Feature: string filtering for code completion [Patch attached]

David Nolden zwabel at googlemail.com
Thu Jul 15 14:25:59 UTC 2010


2010/7/15 Milian Wolff <mail at milianw.de>:
> On Thursday, 15. July 2010 14:42:11 David Nolden wrote:
>> I guess we definitely shouldn't _always_ do this, because in many
>> cases it might also be unexpected, and also as you say in the comment,
>> it's slow. How slow it is depends on the size of the completion-lists,
>> but we want to be compatible with really long completion lists (at
>> some point we'll also start adding macros to the list, for example).
>>
>> A separate shortcut also wouldn't be nice I think. To me it seems like
>> the best solution if we'd allow specifying specic filters during
>> completion using some special character. For example:
>>
>> test.*QString : Filter the list for everything that contains "QString"
>> in an arbitrary position.
>> test.r*QString : Filter the list for everything where the "return"
>> type contains QString
>> test.a*QString : Filter the list for everything that has QString in
>> its arguments
>>
>> And similar. The tricky part would be finding a syntax for the
>> special-character that doesn't break our completion-model controllers
>> (the range has to be set correctly so that it doesn't skip the
>> character), and making sure that the character combination is invalid
>> syntax in any possible programming-language, so we don't trigger the
>> filtering accidentally.
>
> While I like the idea of writing something to trigger the filtering, what about
> this idea which right now seems to be even better in my mind:
>
> introduce new shortcuts _while completion list is shown_.  The reason is this:
>
> foo.
>
> - the "dot" triggers automatic code completion
> - all items are shown
> - I want to find some method, now with your approach I'd have to write either
> n* to find a name. When I see that this was the wrong approach, I'd have to
> delete both and change it to e.g. r* or a*.
>
> If otoh there would be a shortcut we could do this:
>
> - press $name-shortcut, insert identifier
> => filtered on names
> - I notice it was wrong, press $argument-shortcut, the identifier I inserted
> stays the same and I get just an updates list of items that now match based on
> their arguments.
>
> I think this might be faster than the n* or similar approach. Furthermore it
> would not mess with Model ranges and we don't need to care about finding a char
> that never is used in any programming language (which imo is an impossible
> task).
>
> What do you think?

The problem with shortcuts is that they are not context-dependent,
conflicts are possible, and just because I want the already visible
list filtered differently, I wouldn't like to push something like
CTRL+ALT+I. I'd rather just push "*". Especially having different
$name-shortcut, $argument-shortcut, etc. would add a plenty of new
shortcuts into our already huge shortcut-list.
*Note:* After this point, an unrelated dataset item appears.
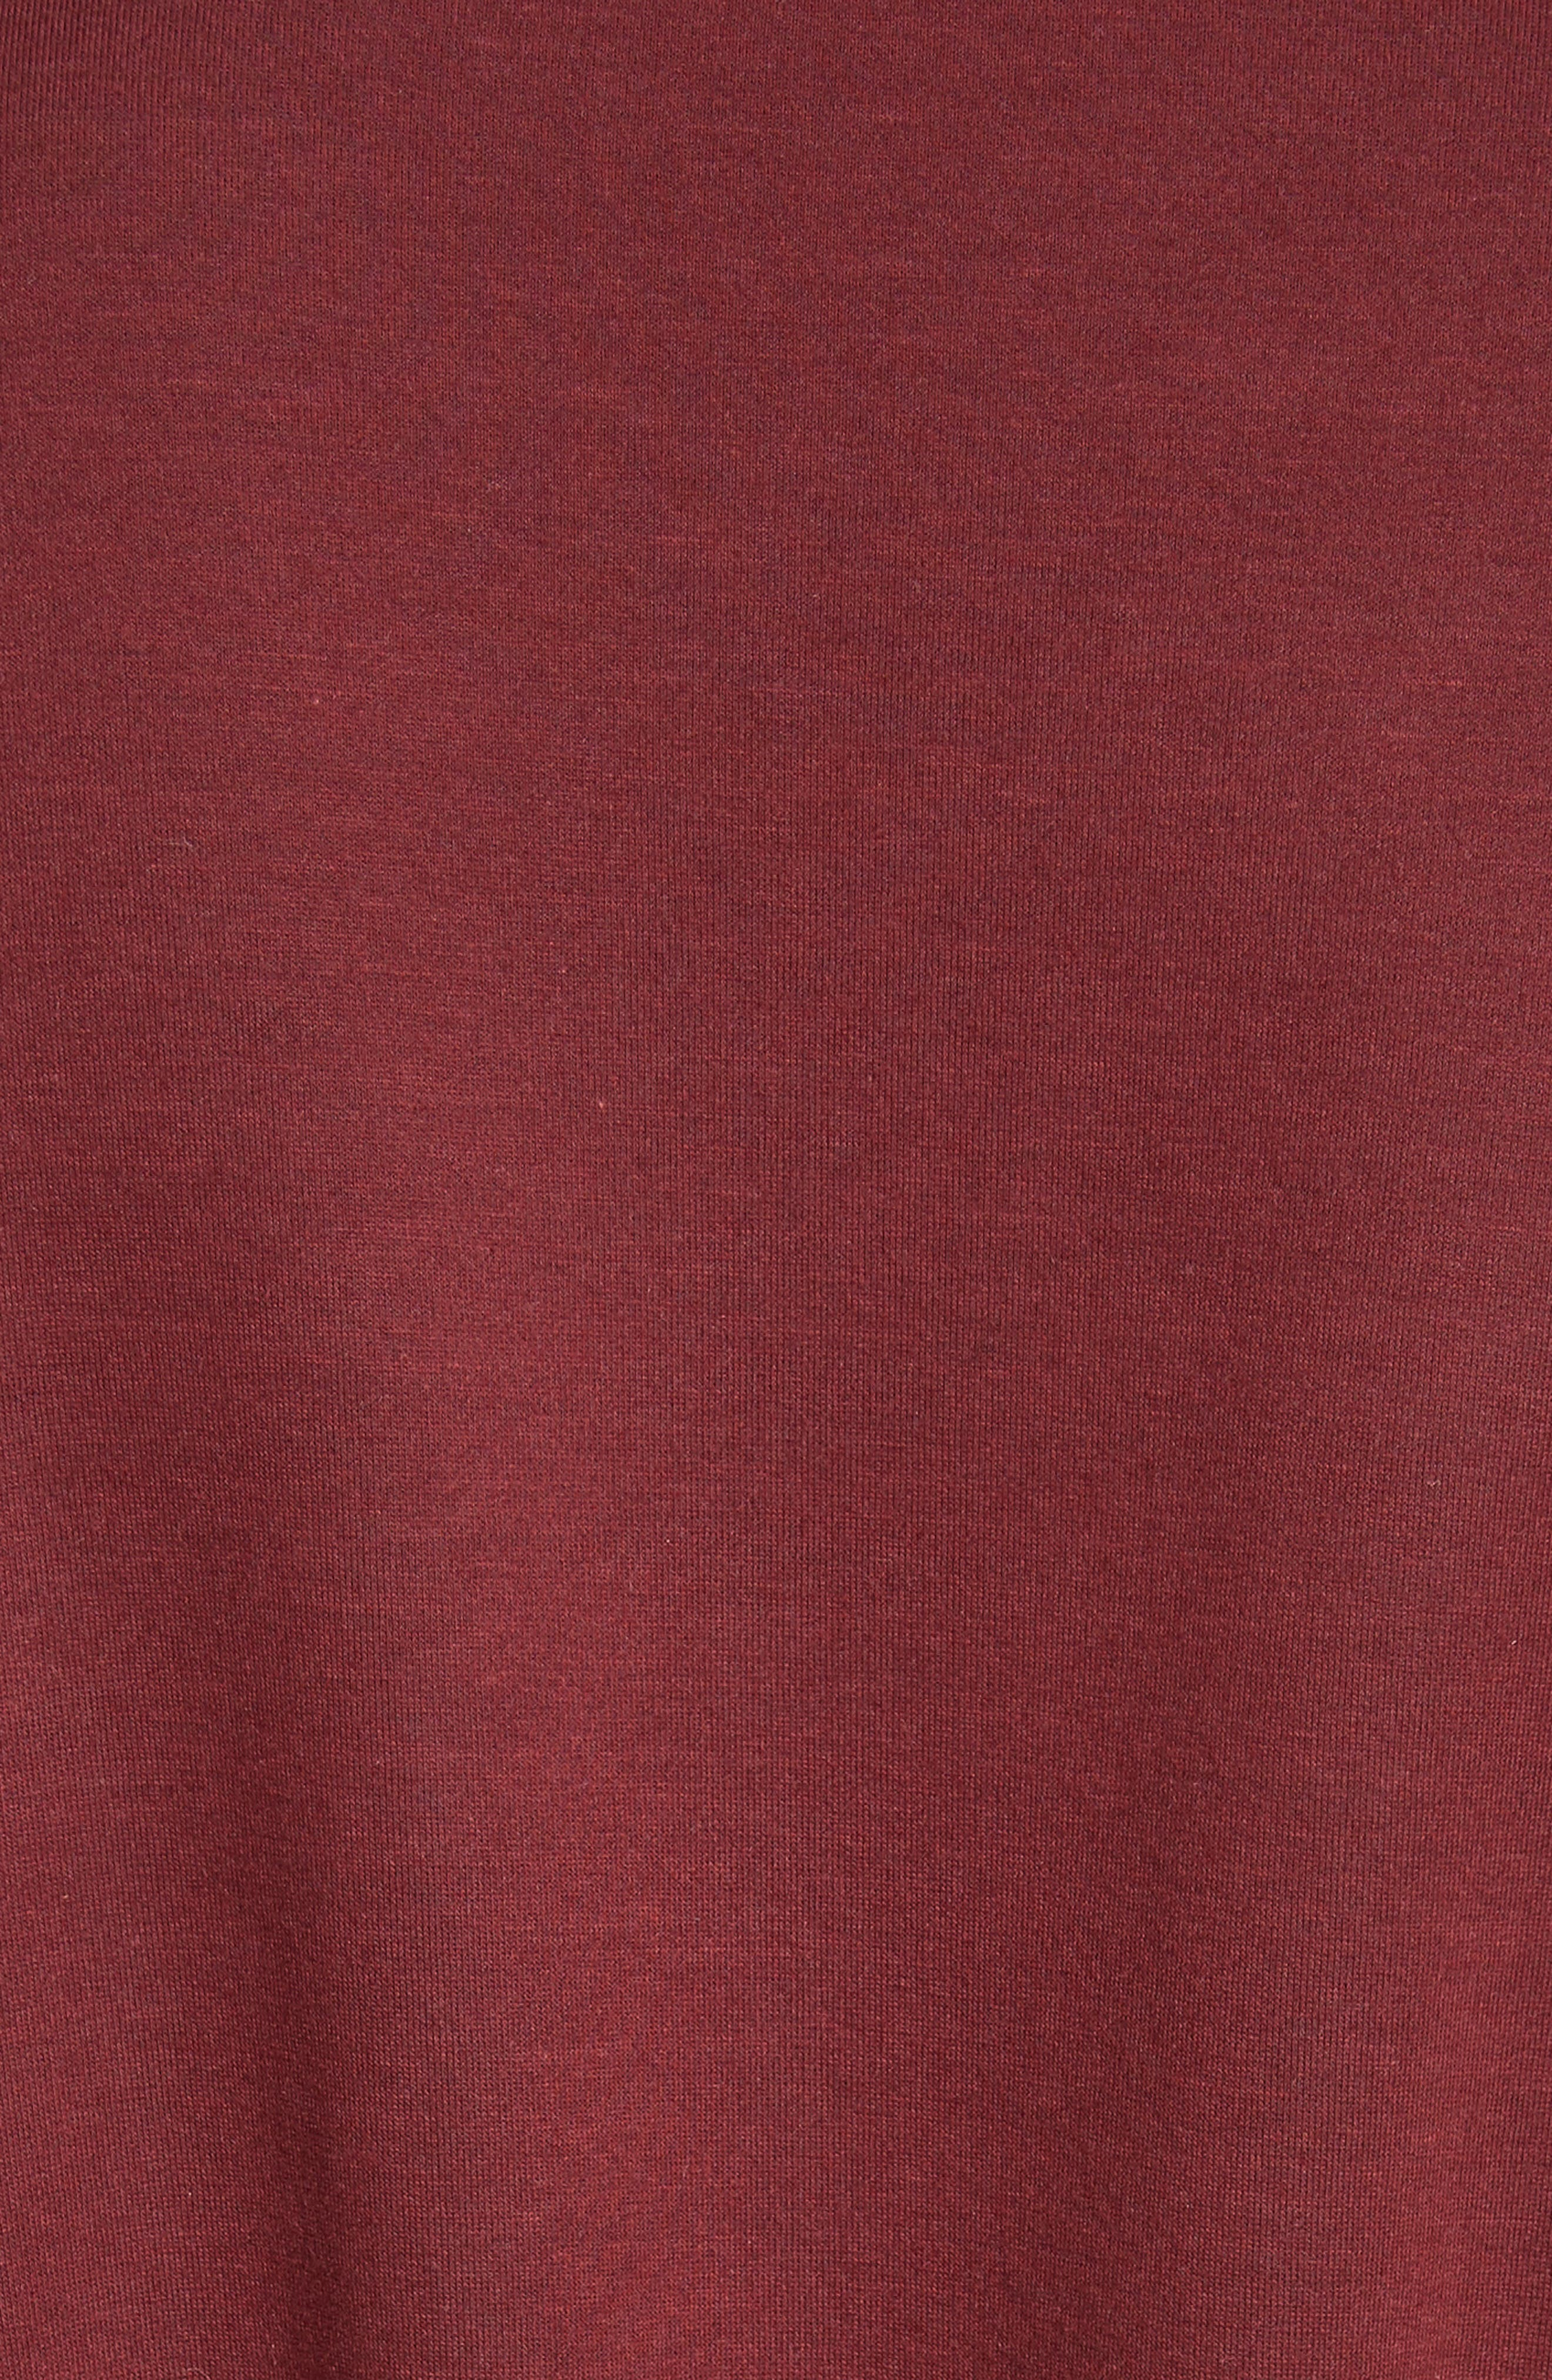 Ruched Ruffle Waist Sweatshirt,                             Alternate thumbnail 5, color,                             Dark Burgundy

I like the idea of using "*", because it can be associated with
wildcard-matching, which at least is somewhat similar. If we'd trigger
it only when there is no whitespace before and after the character,
maybe we could prevent real-life conflicts with normal written code.
Maybe we should only trigger it when the user already started manual
completion through CTRL+space, because automatic completion generally
serves just the purpose of making the writing faster, and this seems
more like a way of information-retrieval.

This scheme would be even better:

test.*QString    -> Filter everything for QString
test.*QString*n -> Filter name column for QString. You can do the
initial filtering, and if it isn't specific enough, you can tighten it
by adding *n .

I think we wouldn't have problems with completion-ranges, because we
simply wouldn't inform the completion-models as soon as the * was
entered.

The cool thing is that, with time, we could easily add additional more
powerful filterings, by adding new strings behind the second star.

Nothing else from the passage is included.